According to attendees, the rapper seemed “genuinely engaged” during the meeting, when he also “apologized for the inaccurate and hurtful comments he made about people living with HIV, and received our personal stories and the truth about HIV and its impact on Black and LGBTQ communities with deep respect,” they said — though DaBaby had previously released different apologies on social media, and those were slammed as insincere by many on social media.

“We appreciate that he openly and eagerly participated in this forum of Black people living with HIV, which provided him an opportunity to learn and to receive accurate information,” the activists said.

The “Rockstar” rapper acknowledged that he was unaware of many of the HIV facts presented during the meeting, facts that everybody should know, the group added — including the fact that HIV is preventable and when treated properly, can’t be transmitted.

“At a time when HIV continues to disproportionately impact Black communities, celebrities and influencers of all backgrounds have the power to defeat the stigma that fuels the epidemic.

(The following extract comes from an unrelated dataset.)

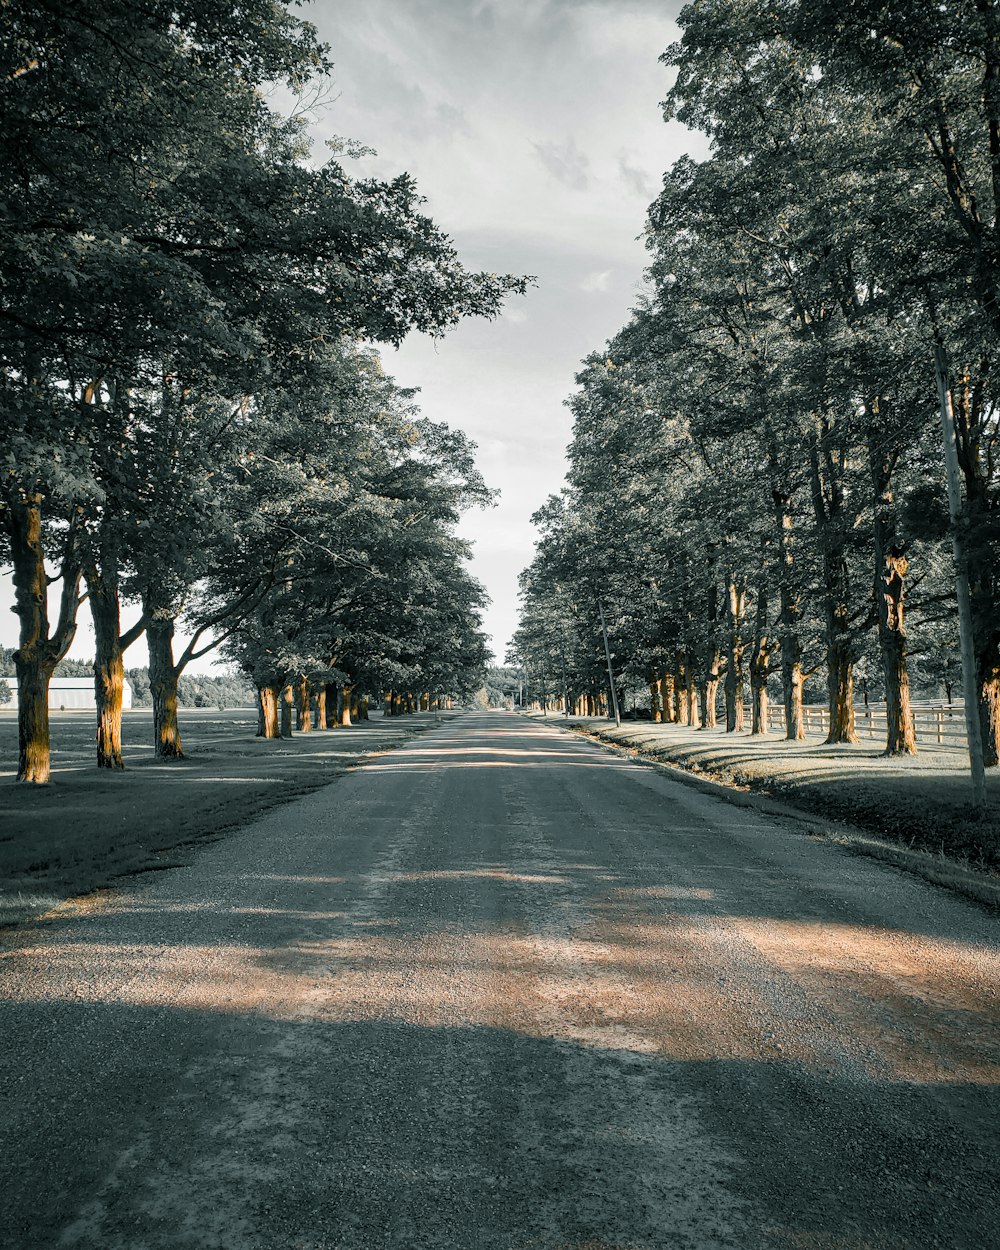 estrada de asfalto cinza entre árvores durante o dia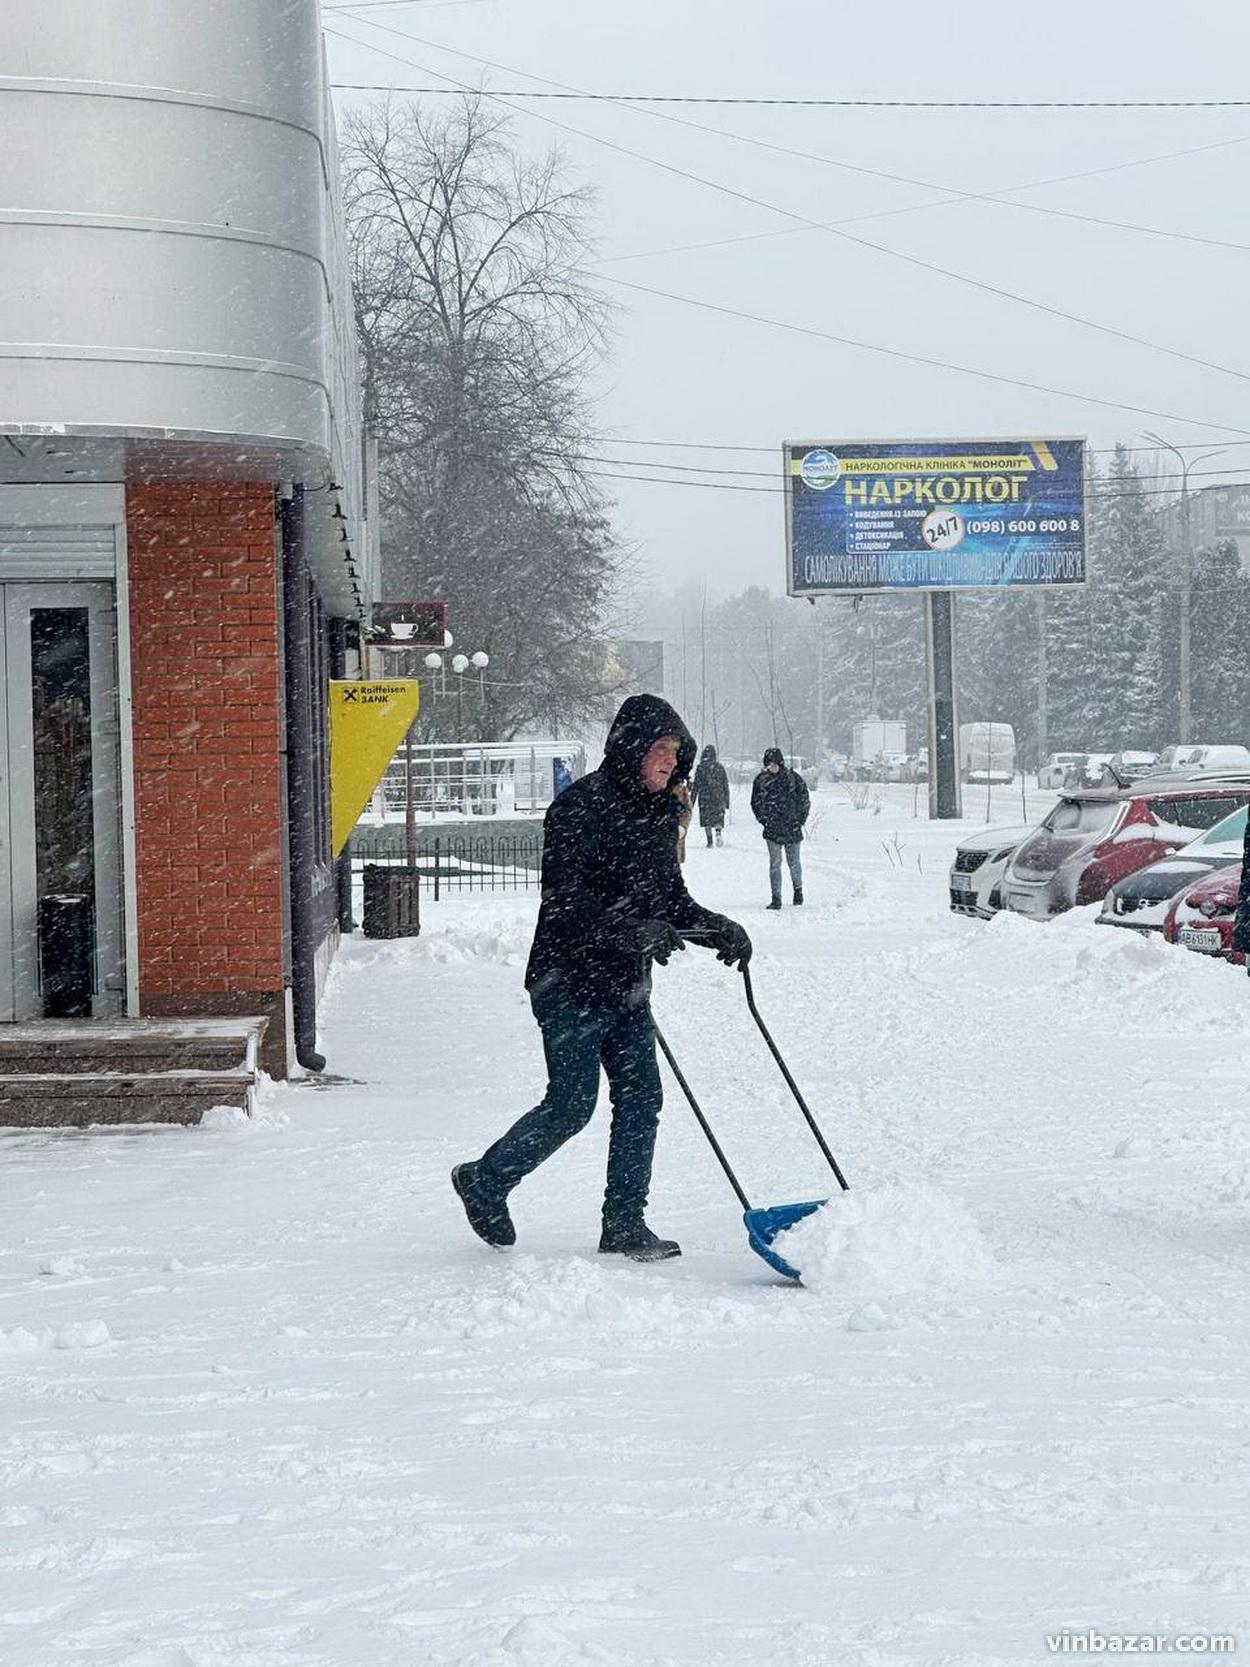 Снігопад накрив Вінницю: у місті затори та засипані тротуари (Фото)

We must all do our part to make the public aware of medication that can prevent HIV and to get more people tested and treated. Together we can end this epidemic. 40 years is far too long. Stigma hurts; prevention, testing, and treatment work,” the activists said.

“DaBaby’s willingness to listen, learn, and grow can open the door to an entirely new generation of people to do the same,” Marnina Miller, a community outreach coordinator with the Southern AIDS Coalition, said in a statement after the meeting.

“Ending HIV stigma requires doing the hard work of changing hearts and minds, and often that begins with something as simple as starting a dialogue. We hope DaBaby will use his platform to educate his fans and help end the epidemic,” she added.